INTRODUCTION:

Raloxifene hydrochloride (RAL), a non-steroidal benzothiophene acts as a selective estrogen receptor modulator and antiosteoporotic approved by the FDA for prevention and treatment of invasive breast cancer and osteoporosis in postmenopausal women and women at high risk of developing breast cancer.^1,2

Naringin, (NAR), (4′,5,7-Trihydroxyflavanone 7-rhamnoglucoside) is a flavanone glycoside, a well-known natural flavonoid in citrus fruit that exhibited a wide variety of biological activities.^3-5

Flavonoids are interested in dietary bioactive compounds with a wide promising beneficial effect on health especially as cancer chemopreventive with decreased toxicity and synergistic effect when co-taken with synthetic chemopreventive.⁶

Moreover, flavonoids have been shown to have inhibitory effects on various cancer cells by a particular inhibition mechanism suggesting that they may serve as possible adjunctive chemopreventive agents for the treatment and prevention of various cancers(62).^7,8 Therefore, to increase patient compliance for long-term medication and to ensure the healthcare system's sustainability, we were interested in developing a new drug delivery system that might contain both the drugs.
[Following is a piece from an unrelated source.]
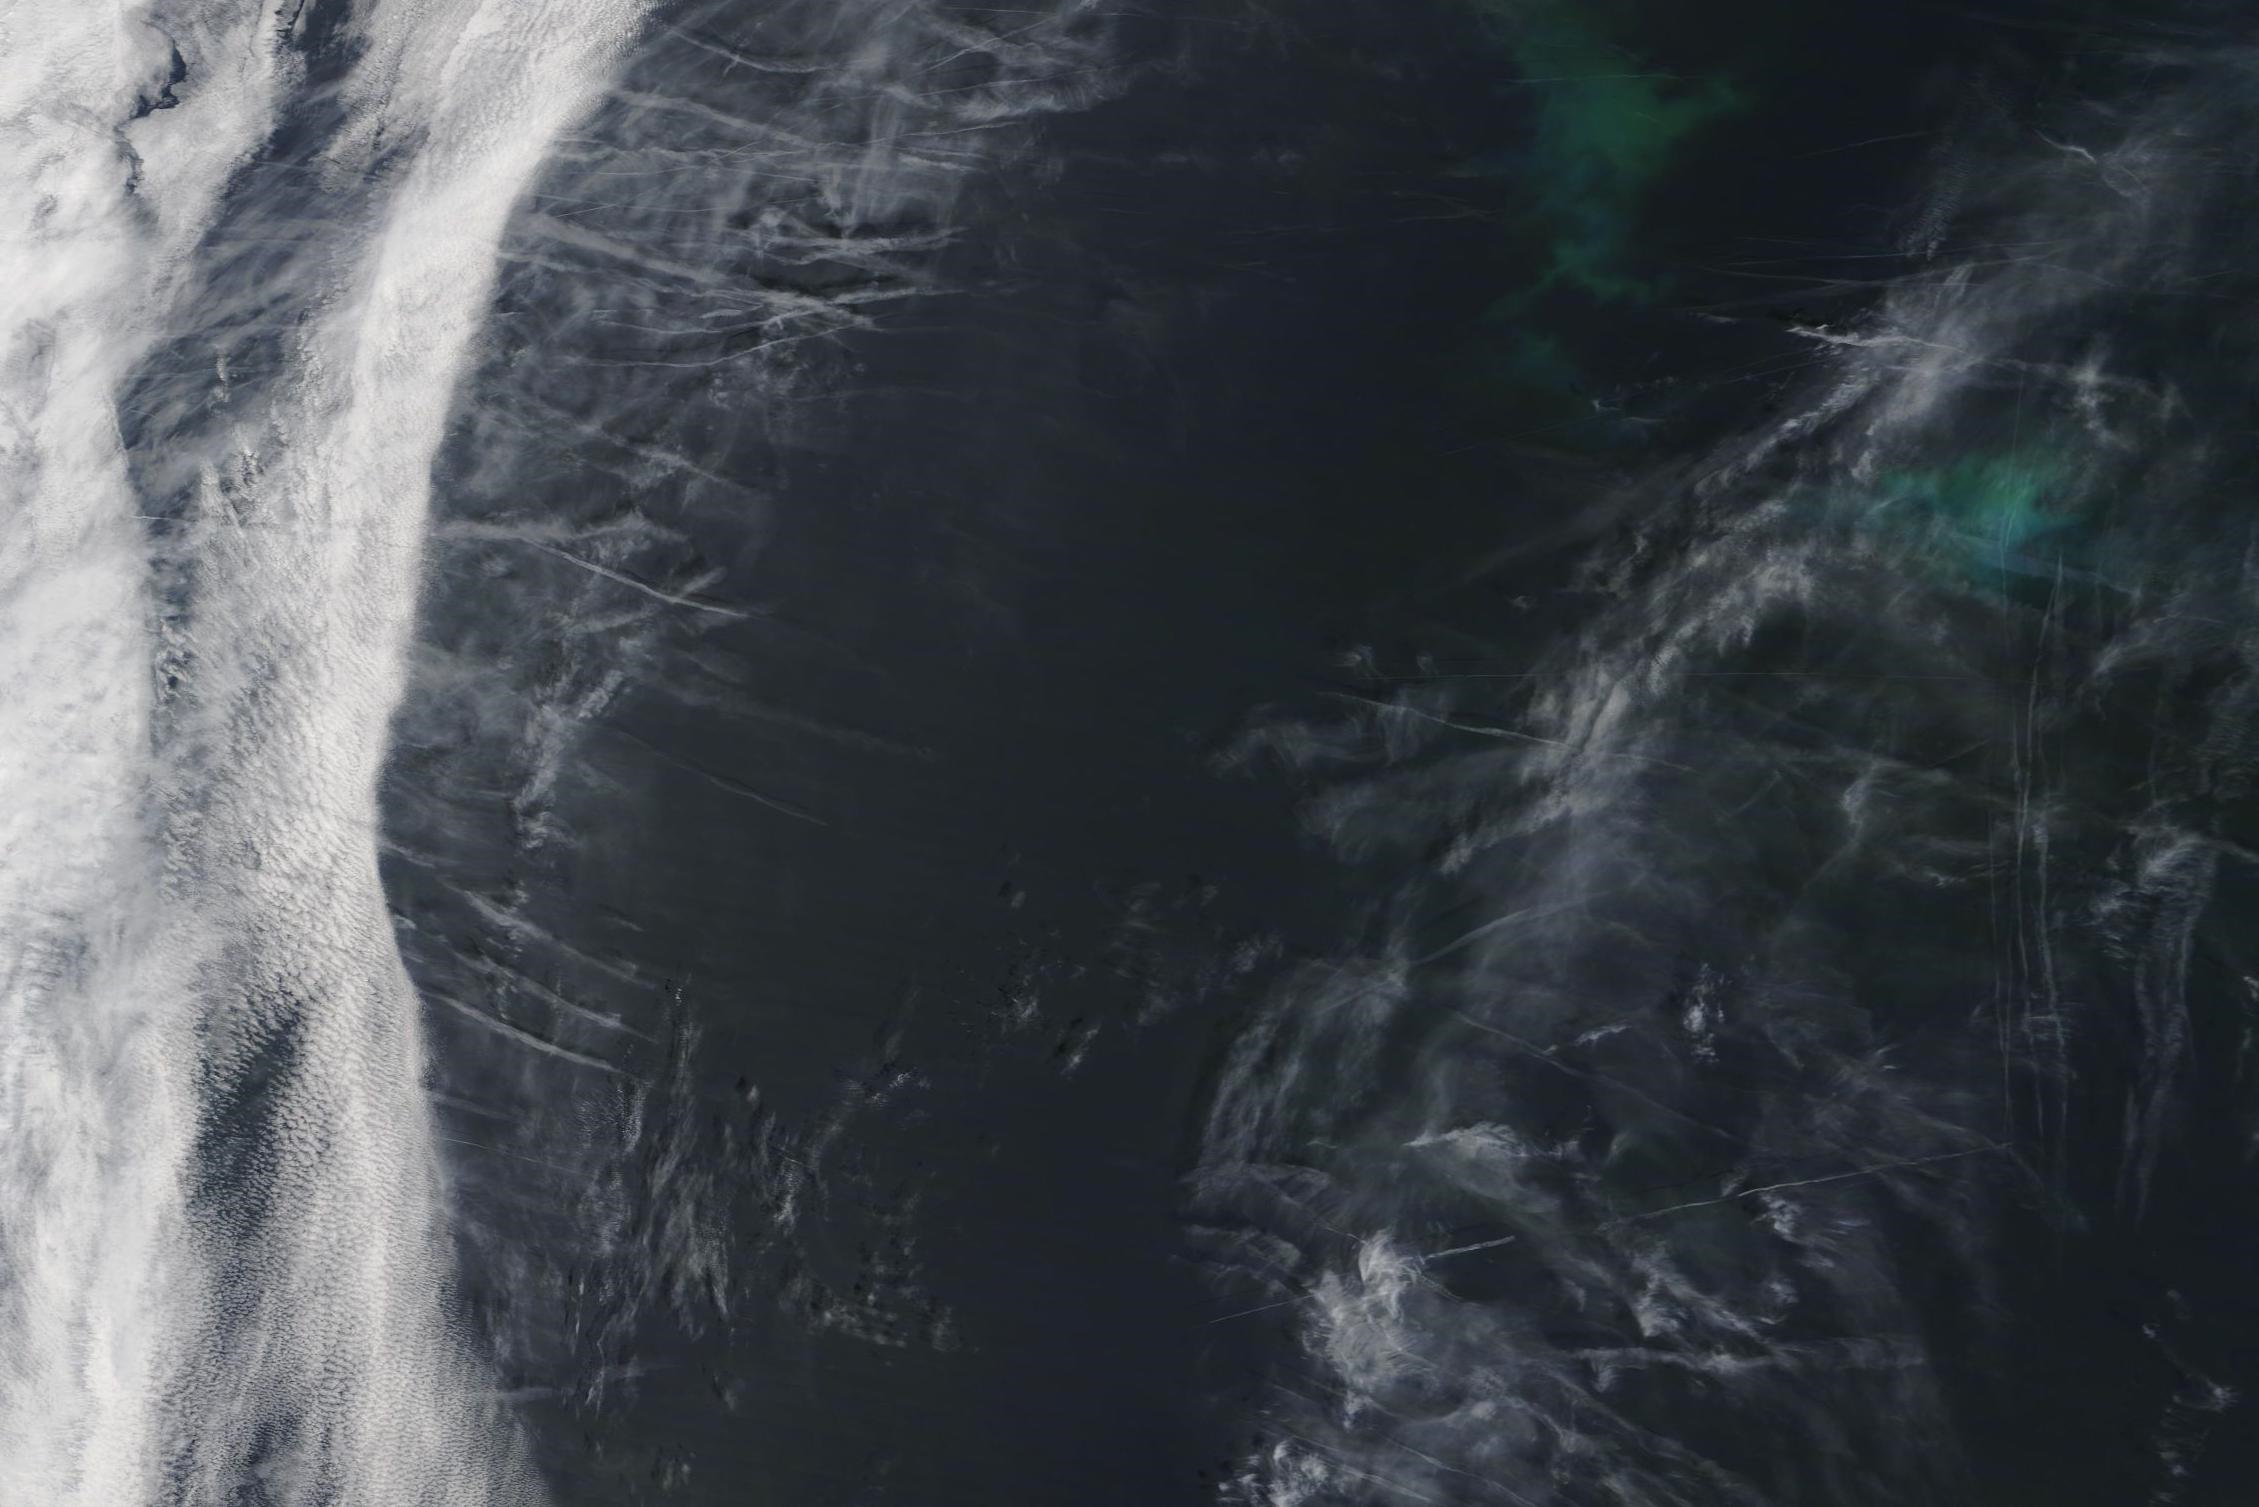 chemtrail geoengineering Shannon, Finisterre, Sole, May 13 2019 ...https://go.nasa.gov/2E5LPoa

But a significant challenge in terms of simple and rapid simultaneous determination of drug concentrations in their combinations or therapeutic delivery systems. Numerous estimation techniques have been developed recently to enable mixture resolution, including Vierordt's method.^9,10 Studies have been published that demonstrate the utility of the simultaneous equation or Vierordt's method for estimating the concentrations of two or more drugs in a combined mixture of pharmaceutical formulations.^11,12

According to the literature survey, it was found that some analytical methods for estimation of RAL and NAR separately or in combination with other drugs have been reported. for raloxifene estimation; spectrophotometric methods,¹³ chromatographic HPLC methods¹⁴, LC/MS/MS method¹⁵ have been reported and for naringin, a number of chromatographic HPLC methods,¹⁶ LC-MS-MS methods¹⁷ have also been reported.

The current study is part of a larger effort to develop and validate a quick, specific, accurate, economical, and precise UV spectrophotometric method for the simultaneous estimation of two drugs in a nanoformulation dosage form. Since the combination of these two drugs is not recognized by any pharmacopeia, there is no recognized procedure for simultaneously estimating raloxifene and naringin in their combined nanoformulation. Based on the above-mentioned fact, it was decided to develop and validate a simple, new, precise, accurate method for quantification of raloxifene and naringin in a bulk binary mixture and utilizing it to estimate active substances in the pharmaceutical formulations.

MATERIALS AND METHODS:

Raloxifene hydrochloride was gifted by Aarti Drugs Ltd., India, while naringin was purchased from Tokyo Chemical Industry CO., LTD. (Tokyo, Japan). Analytical grade methanol was purchased from SRL (Mumbai, India). Glyceryl monostearate and Tween 80 were obtained from Gattefosse India Pvt. Ltd. (Mumbai, India).

Standard and working solutions:

Both RAL and NAR are insoluble in water. Methanol was chosen as the solvent to ensure that both drugs were completely soluble. Stock solutions of RAL and NAR were prepared by dissolving 10mg of each compound in methanol in a volumetric flask with sonication for 10 min. The final volumes of both solutions were adjusted with methanol to obtain stock solutions of RAL and NAR at a concentration of 100µg/ml. Working standard solutions of RAL and NAR were prepared by diluting the standard stock solution of 100μg/mlin a 10ml volumetric flask. The final volumes of both the solutions were adjusted with methanol to get working standard solutions with a concentration of 2, 4, 6, 8, 10, 15, and 20μg/mlof RAL and NAR, separately.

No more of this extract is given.